Exercise brief.
Begin the copy at the line containing "Competitive Action Plan" in the data below and end it at the line containing "A Fun and Lively", keeping each line exact and leaving out pictures.

The data.
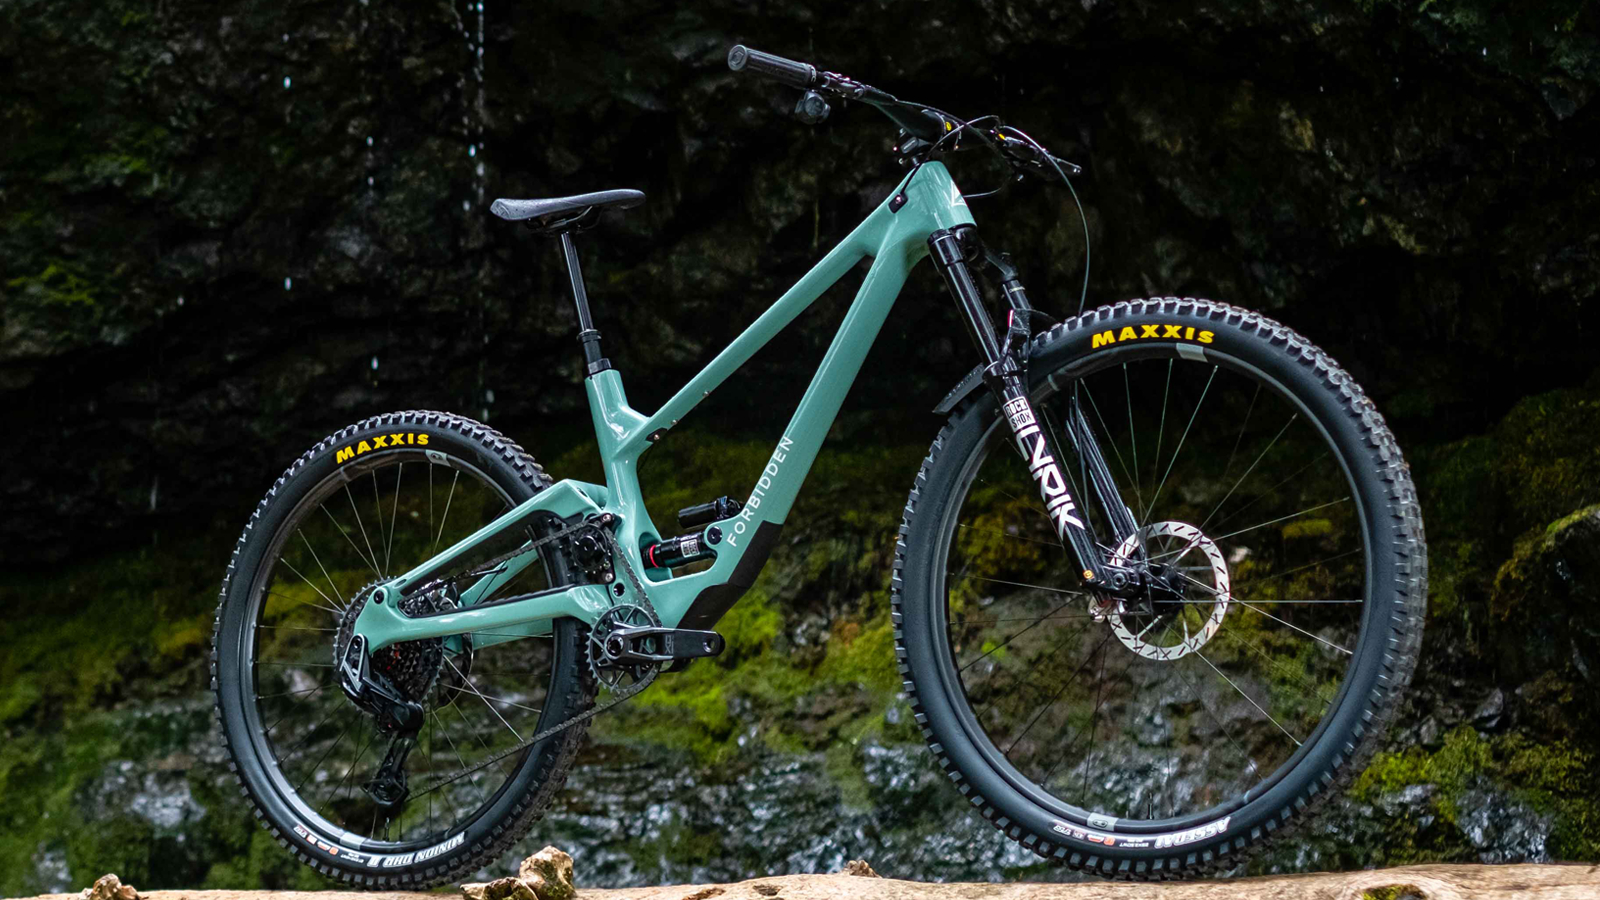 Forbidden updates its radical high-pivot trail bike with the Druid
...
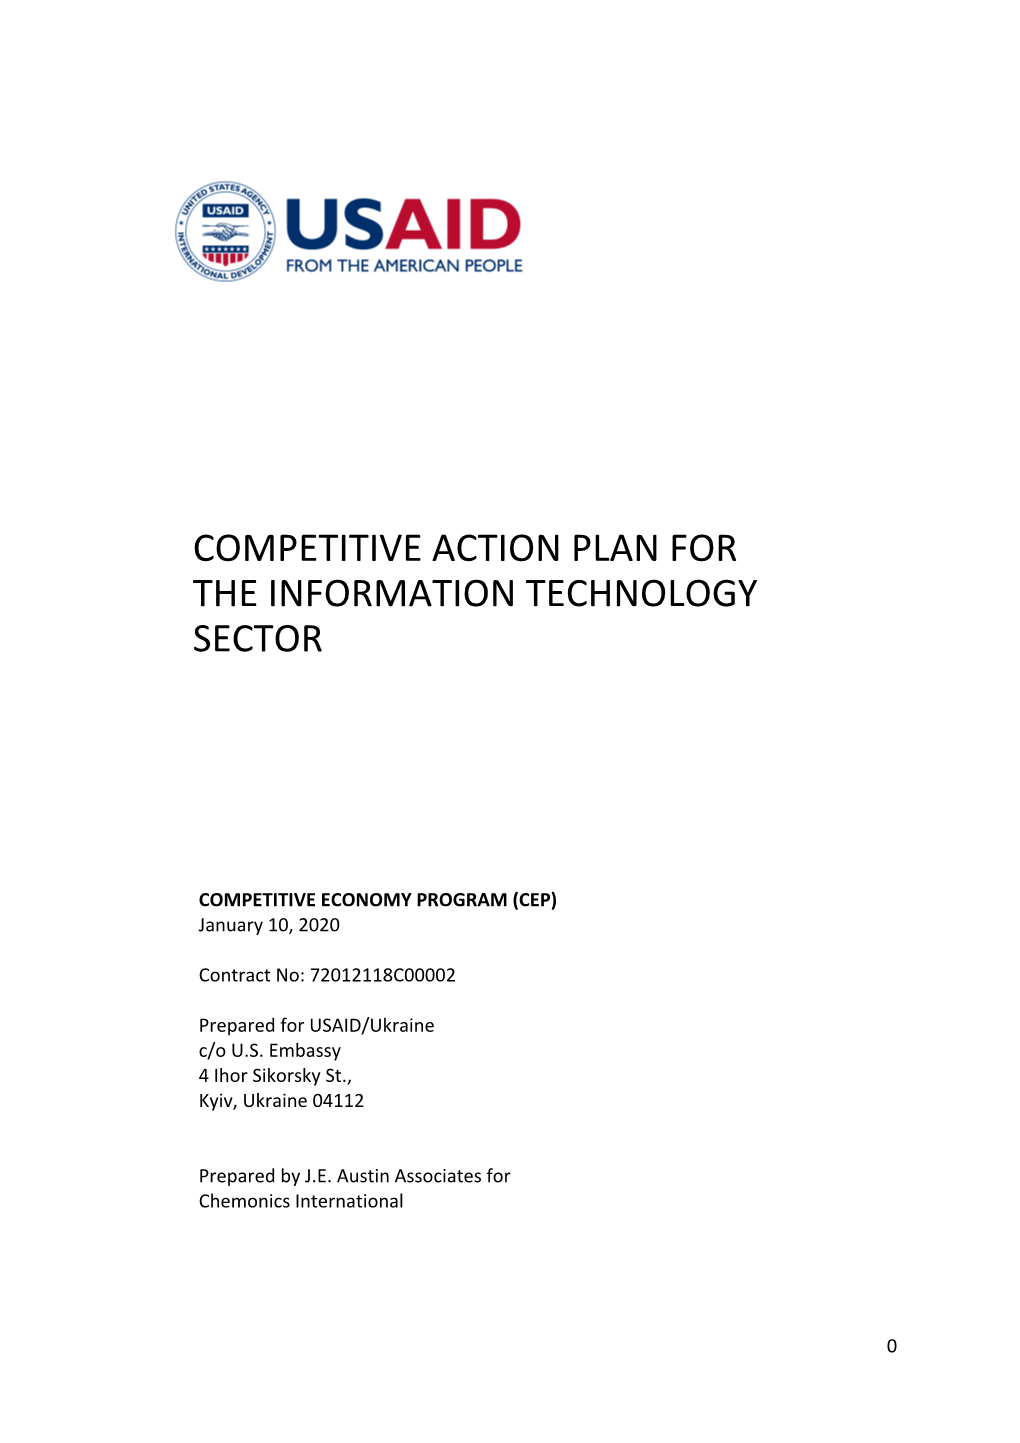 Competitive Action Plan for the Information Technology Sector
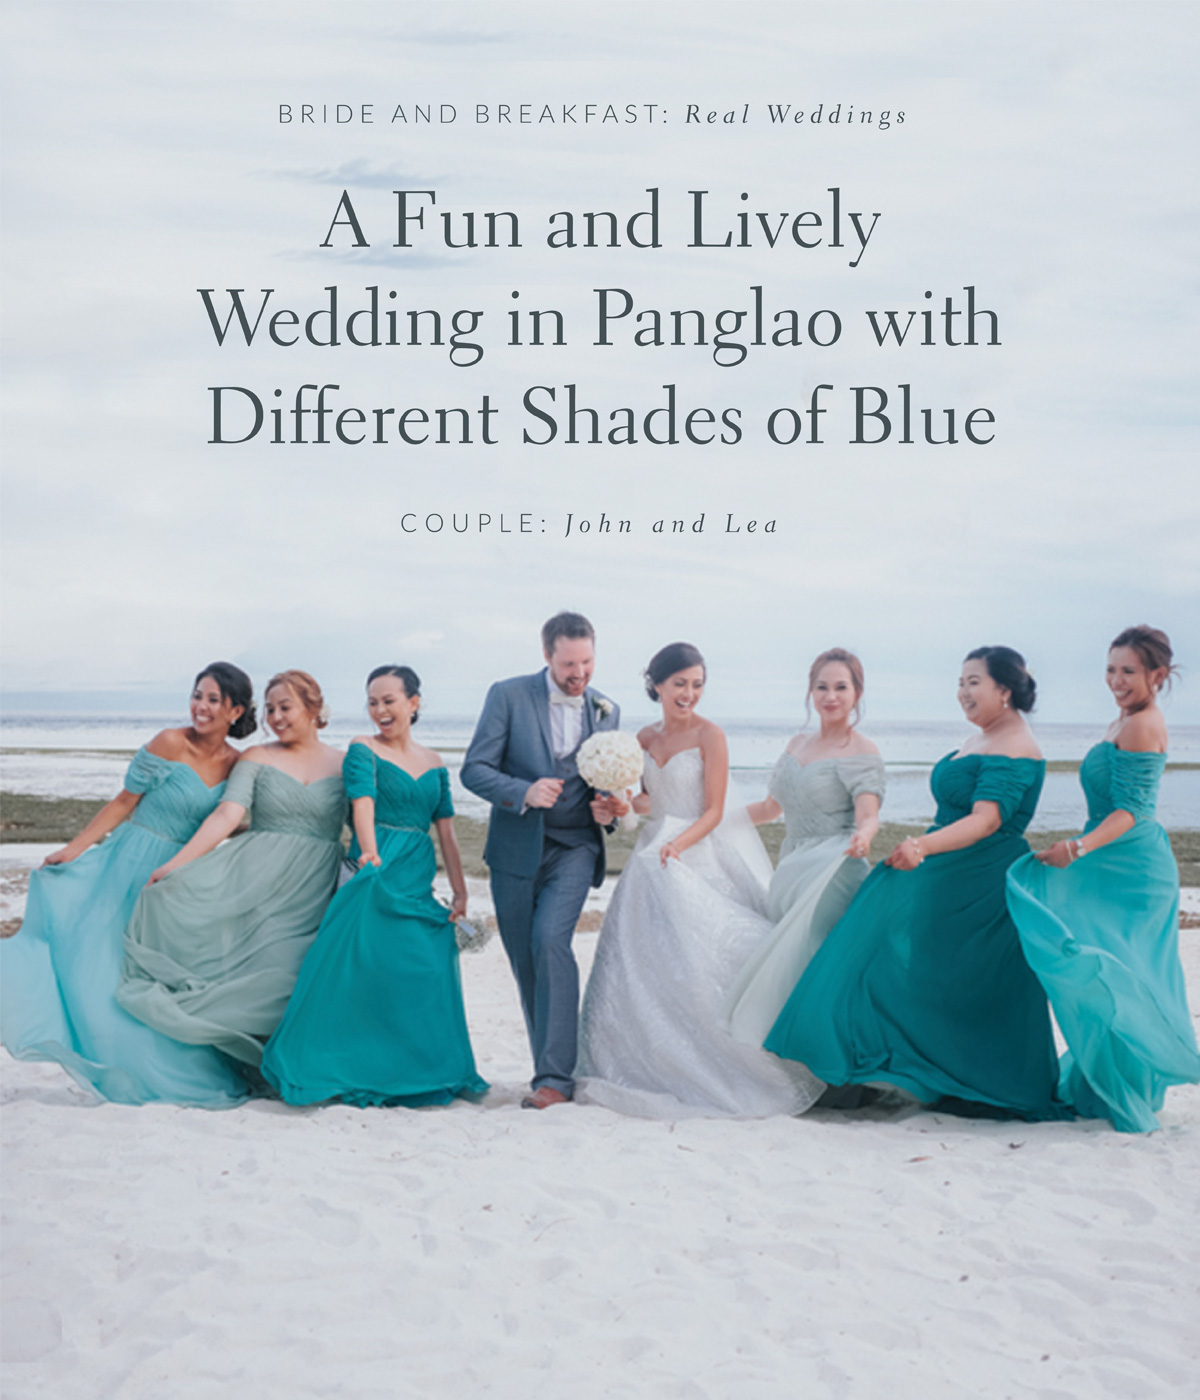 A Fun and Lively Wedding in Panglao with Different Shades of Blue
--
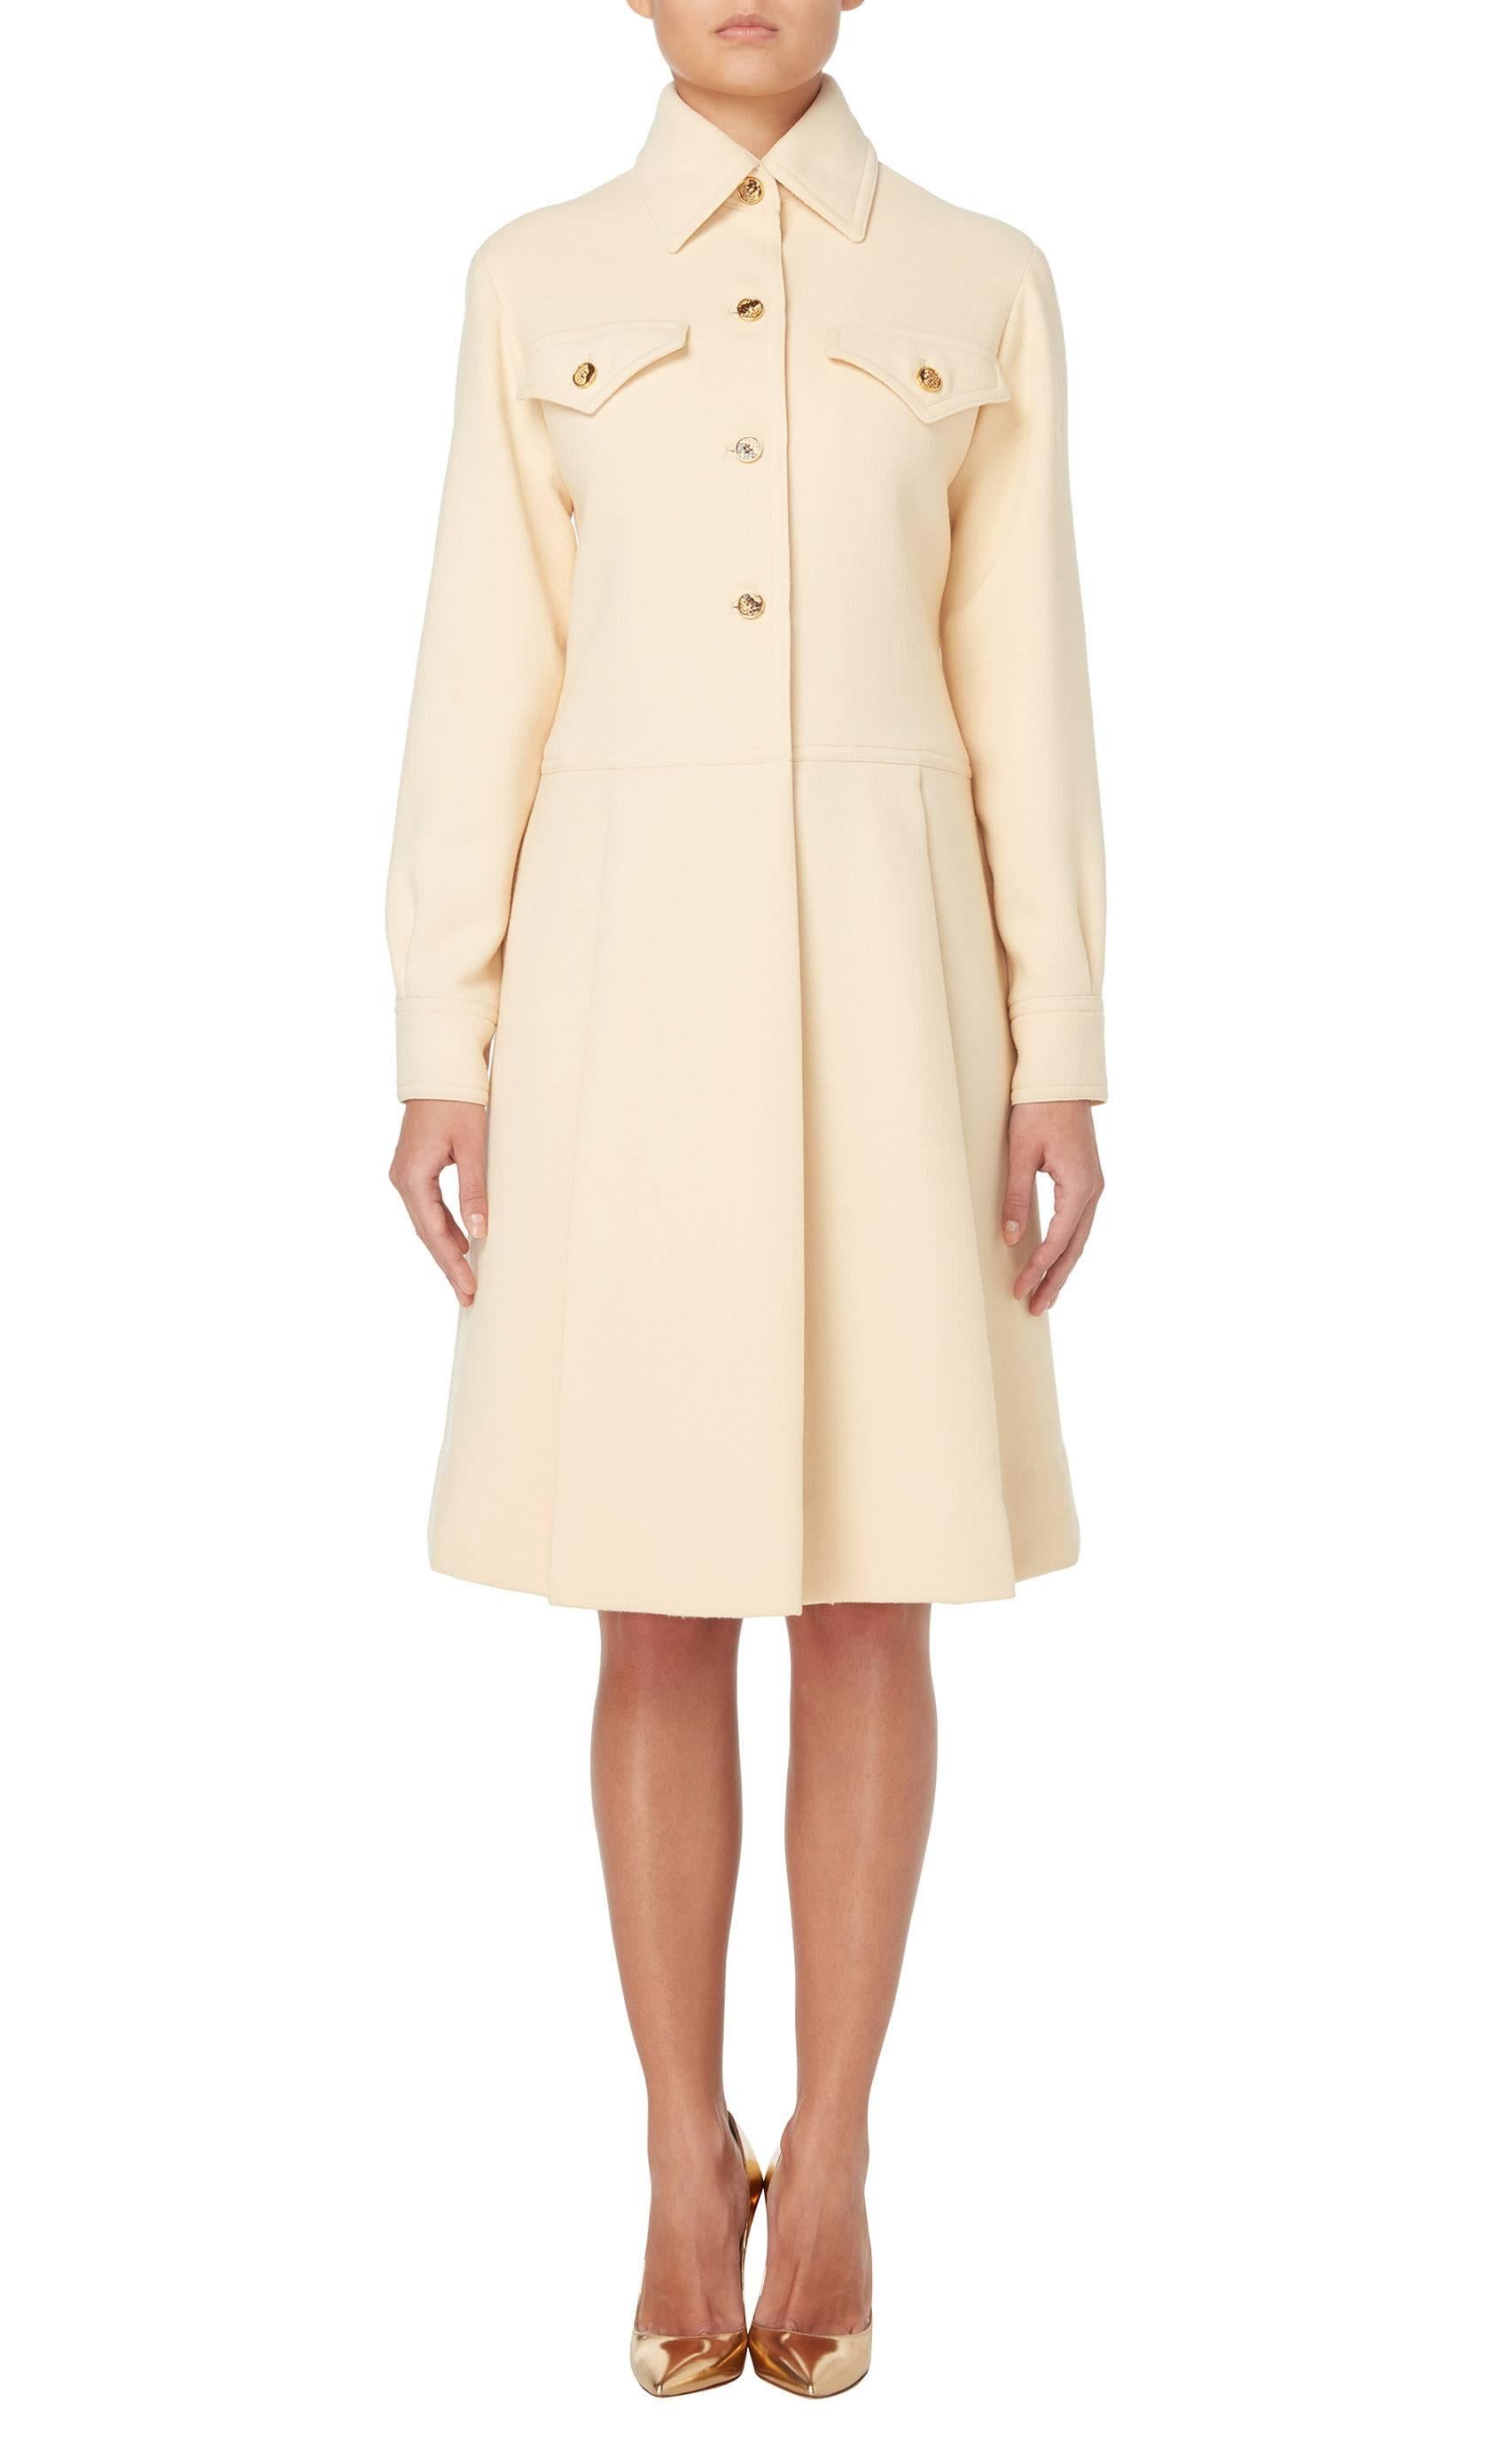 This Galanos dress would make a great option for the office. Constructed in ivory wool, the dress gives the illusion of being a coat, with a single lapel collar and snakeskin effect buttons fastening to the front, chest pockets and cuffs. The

Task response.
 Competitive Action Plan for the Information Technology Sector
 A Fun and Lively Wedding in Panglao with Different Shades of Blue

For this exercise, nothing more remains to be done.